STEUER-LEXIKON
Reverse Charge (Übergang der Steuerschuld)
auch: Reverse Charge, RC, Übergang der Steuerschuld, Reverse-Charge-Verfahren
DEFINITION
Reverse Charge bezeichnet den Übergang der Umsatzsteuerschuld vom leistenden Unternehmer auf den Leistungsempfänger. Der Leistende stellt netto (ohne USt) mit Hinweis auf den Übergang der Steuerschuld aus, der Empfänger berechnet und schuldet die USt selbst – typisch bei grenzüberschreitenden B2B-Leistungen zwischen Unternehmern mit UID.

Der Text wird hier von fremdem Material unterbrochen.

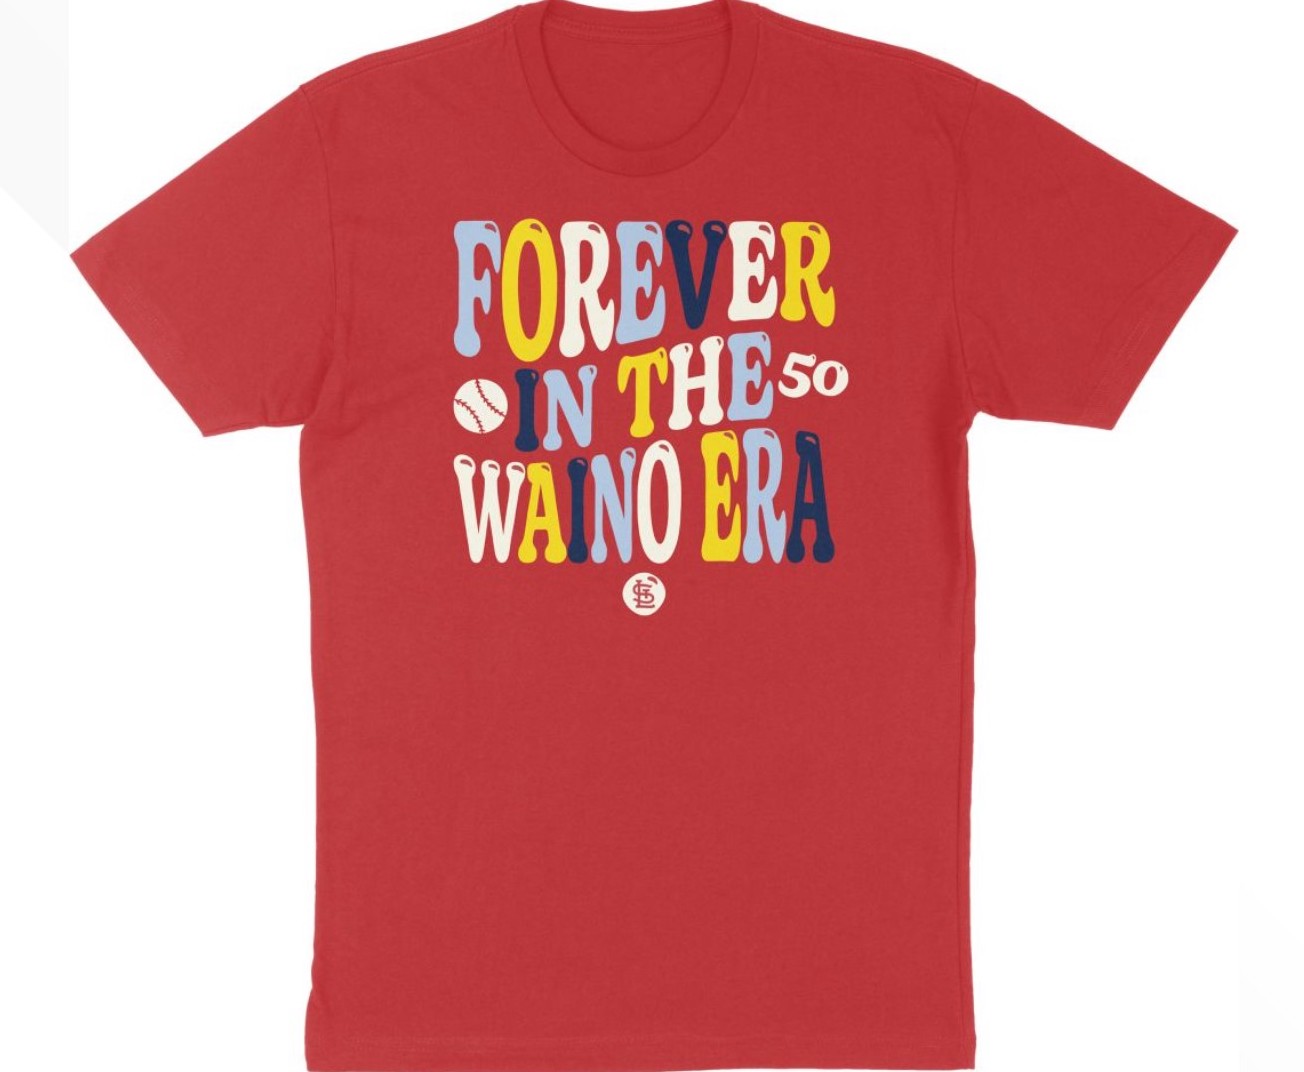 Adam Wainwright The Stadium Tour Forever In The 50 Waino Era T-Shirt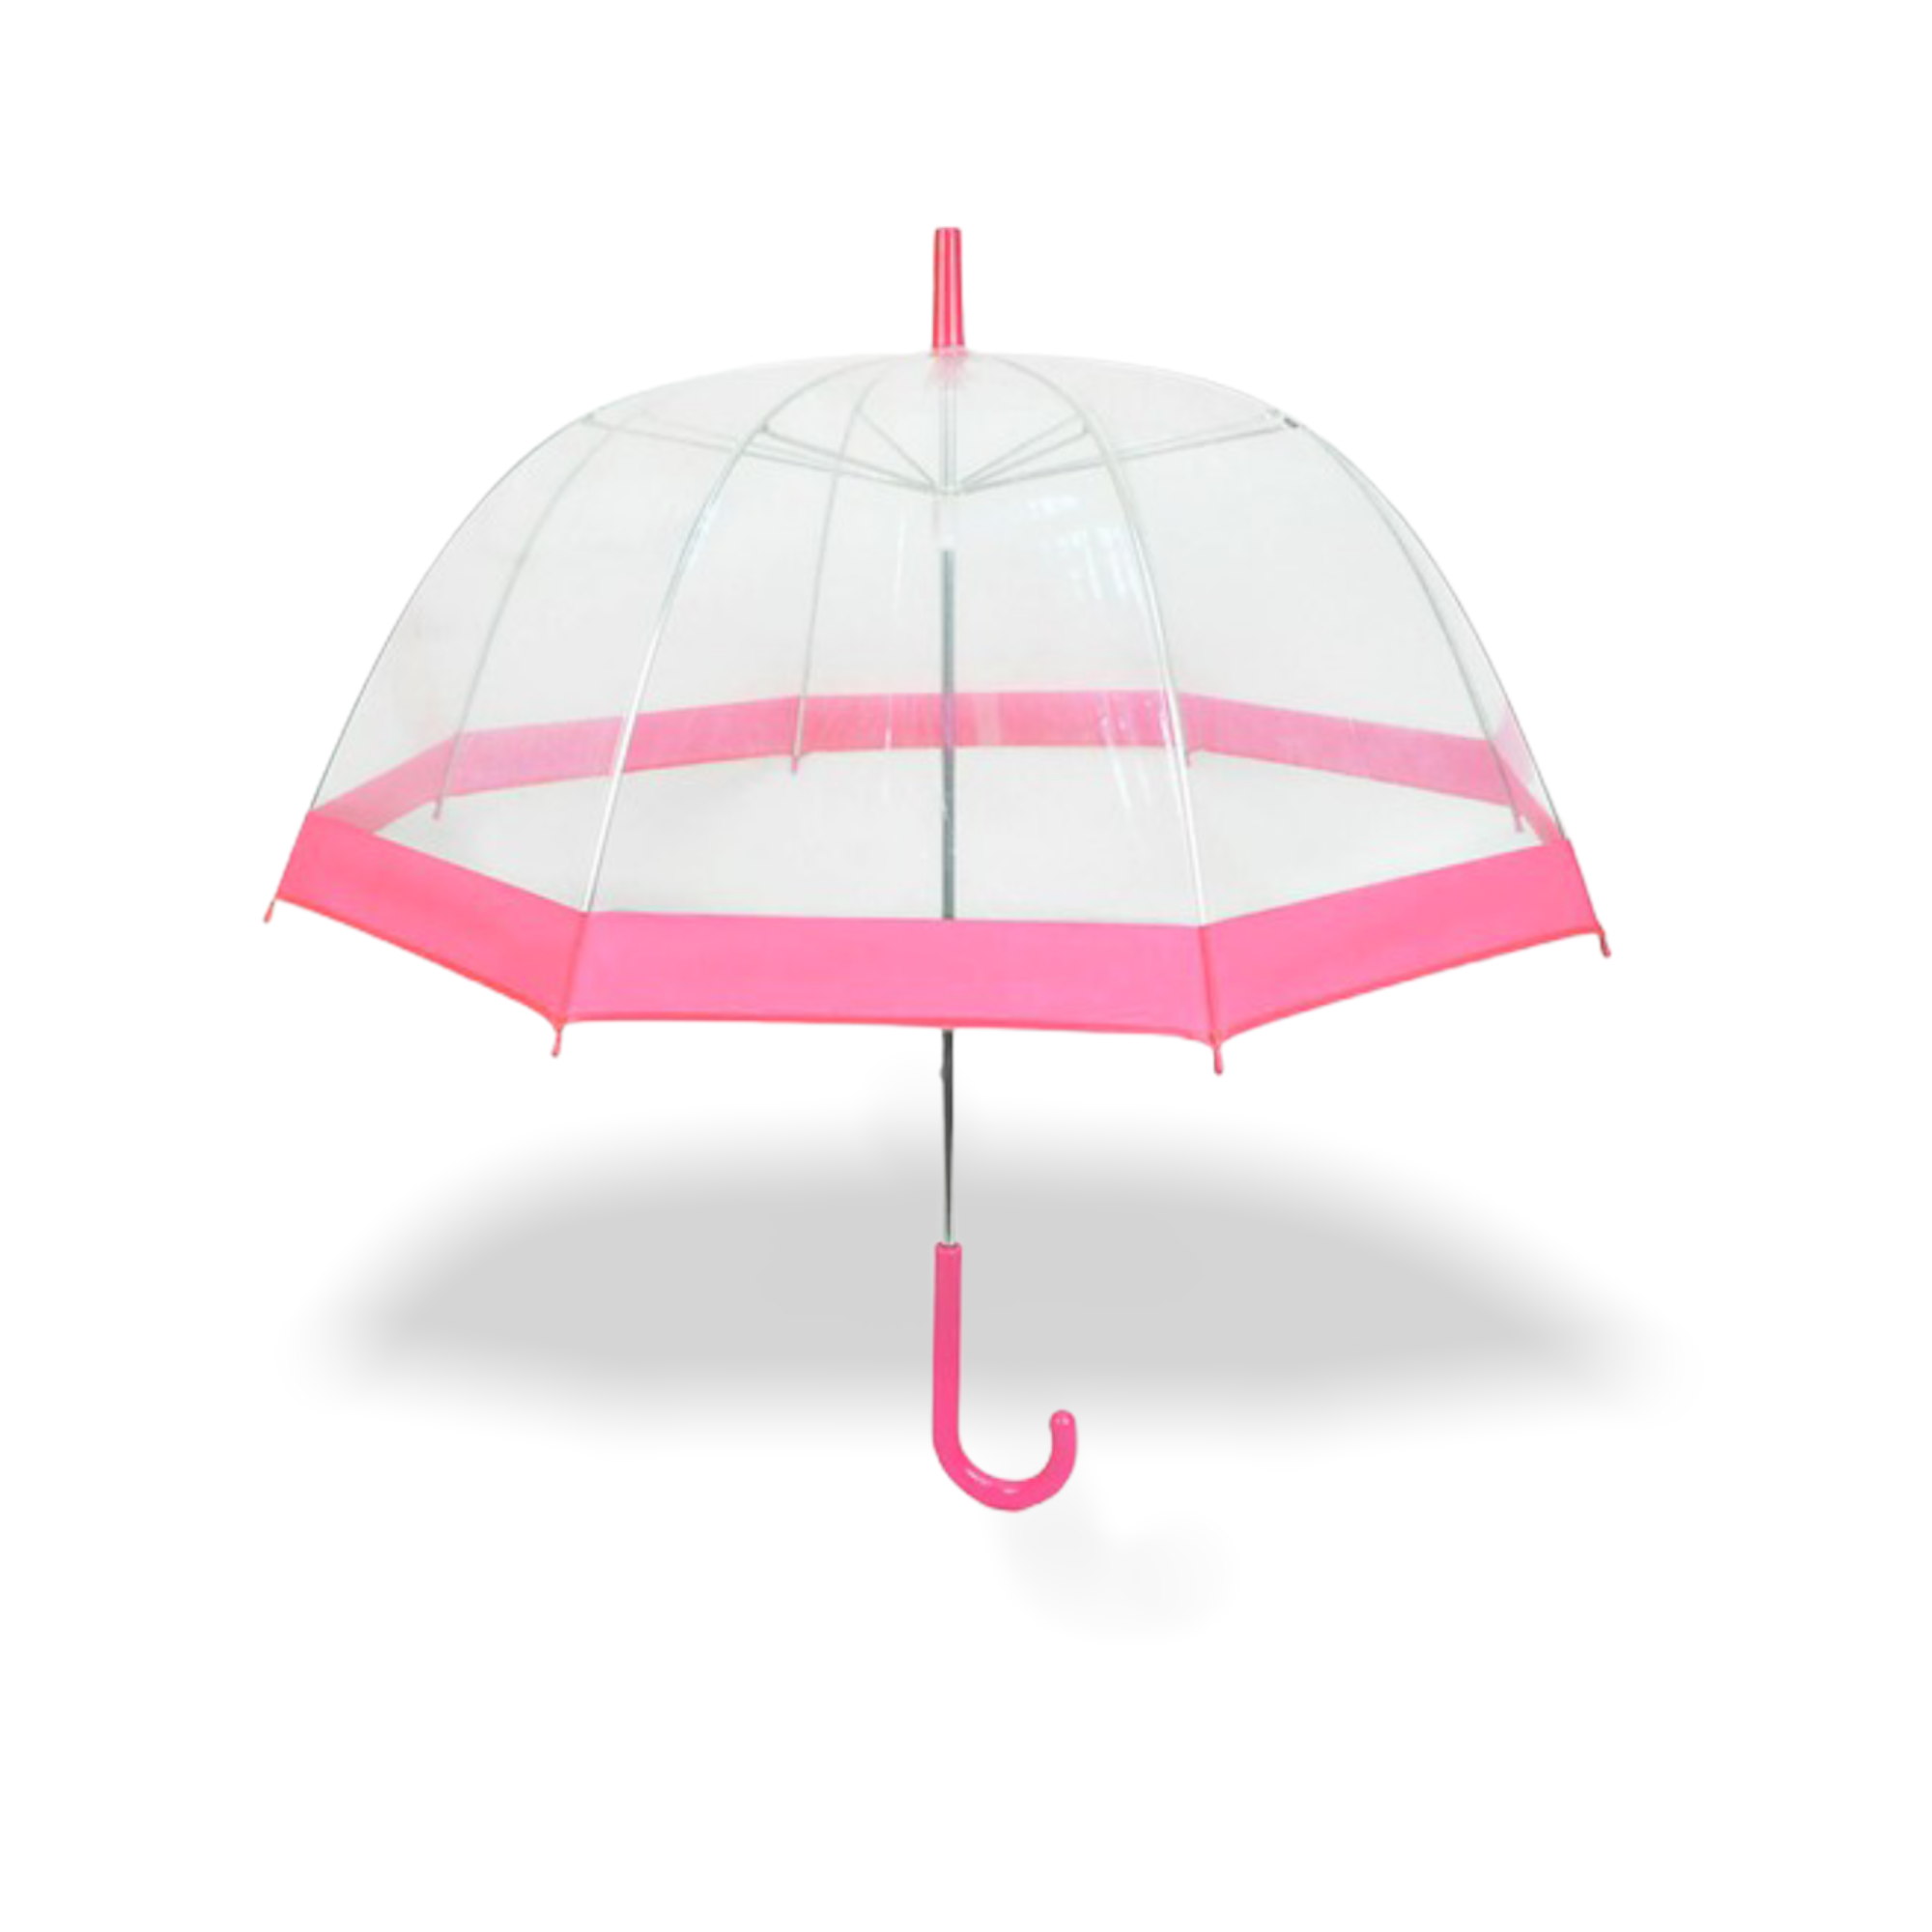 Retro Dome Umbrella

Reverse Charge verlagert die Steuerschuld auf den Empfänger. Klassischer Fall: Du beziehst eine Dienstleistung von einem Unternehmer aus einem anderen EU-Land (z.B. Werbung von Google Irland oder Amazon-Gebühren aus Luxemburg). Du bekommst eine Nettorechnung, berechnest die österreichische USt selbst, führst sie über die UVA ab und ziehst sie – bei voller Vorsteuerberechtigung – im selben Atemzug wieder als Vorsteuer ab. Unterm Strich also oft ein Nullsummenspiel.
Damit Reverse Charge greift, brauchen beide Seiten eine gültige UID-Nummer. Auf deiner Ausgangsrechnung muss der Hinweis auf den Übergang der Steuerschuld stehen; ohne UID des Empfängers funktioniert das Verfahren nicht.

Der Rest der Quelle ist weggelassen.